16 Ekim 2008 tarihinde Vatan gazetesine açtığı dava sonucunda gazetenin İnternet sayfasına erişimi engelletmiştir.
Oktar’ın en önemli yayınlarından biri, Global Yayımcılık tarafından hazırlanan Yaratılış Atlası’dır. Kitap Fransızca’ya ardından İngilizce’ye tercüme edilip on binlerce kopyası ayrım gözetmeden Avrupa ve ABD’deki birçok okul, üniversite ve araştırma enstitüsüne gönderilmiştir.

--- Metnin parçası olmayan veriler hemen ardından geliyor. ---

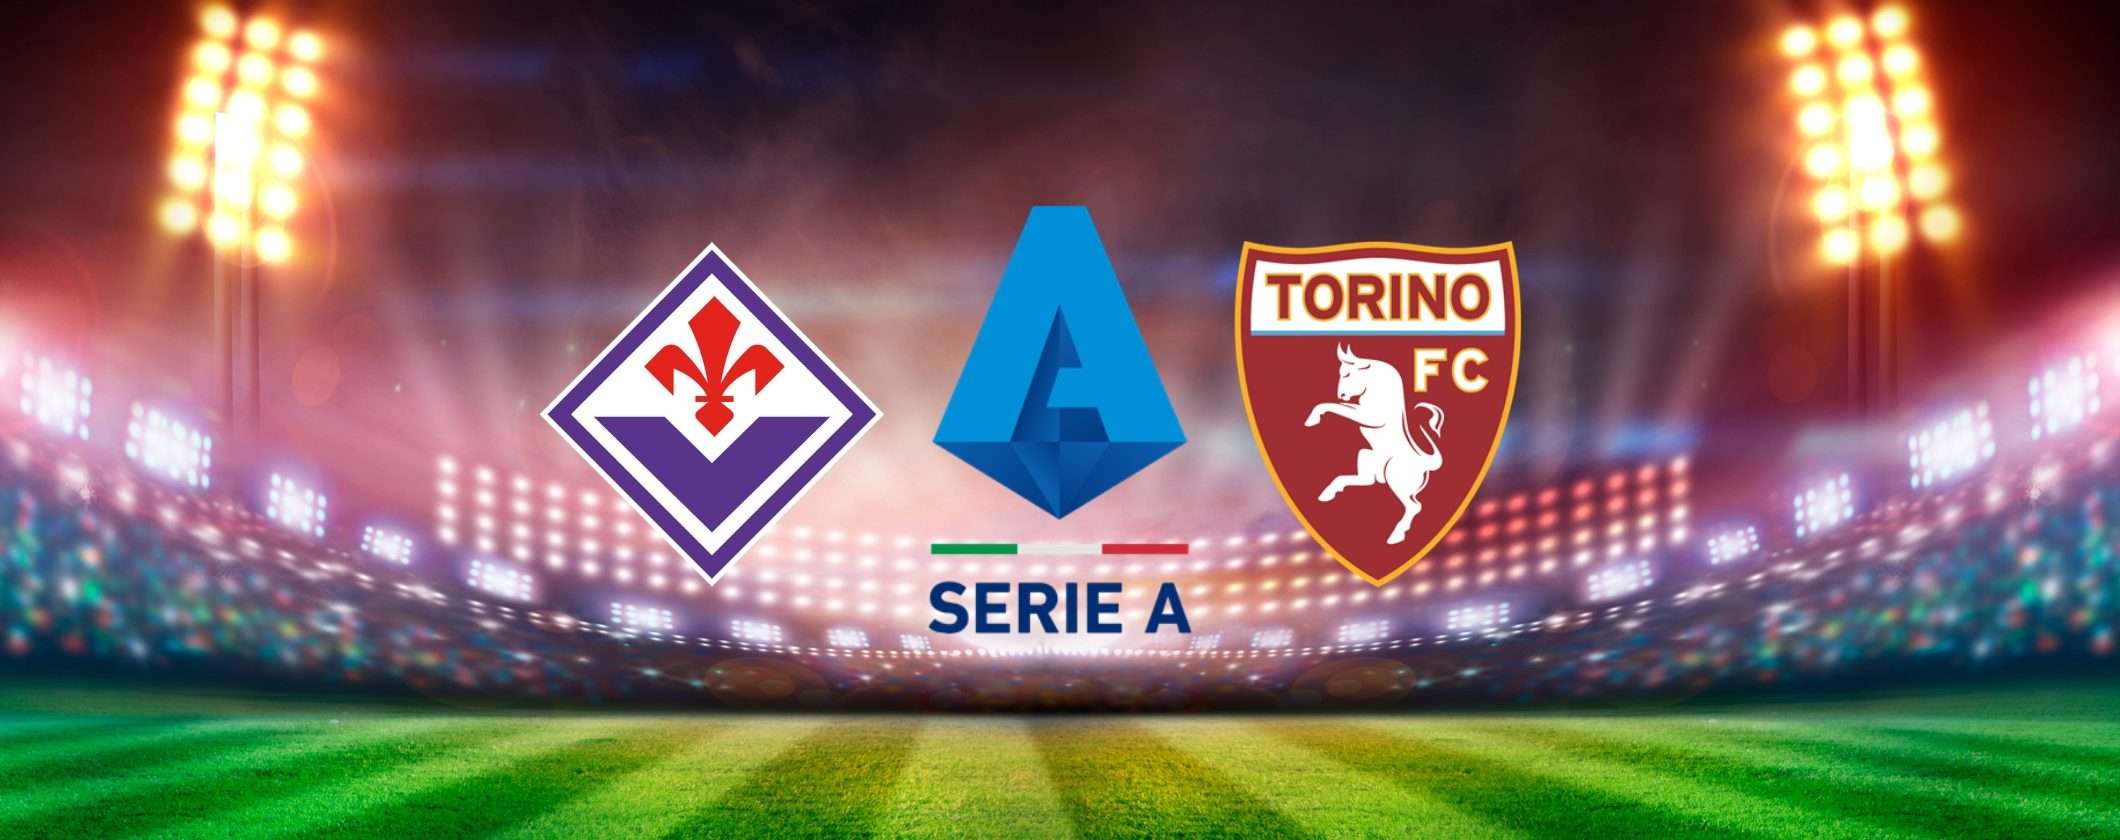 Come vedere Fiorentina-Torino in streaming dall'estero senza restrizioni

Kitapları teslim alan üniversitelerdeki birçok araştırmacıya göre evrime karşı kullanılan argümanların hiçbiri mantıksal değildir, evrim biyologu Kevin Padian’a göre ise Adnan Oktar, evrimin temelleri ve kanıtları hakkında hiçbir bilgiye sahip değildir.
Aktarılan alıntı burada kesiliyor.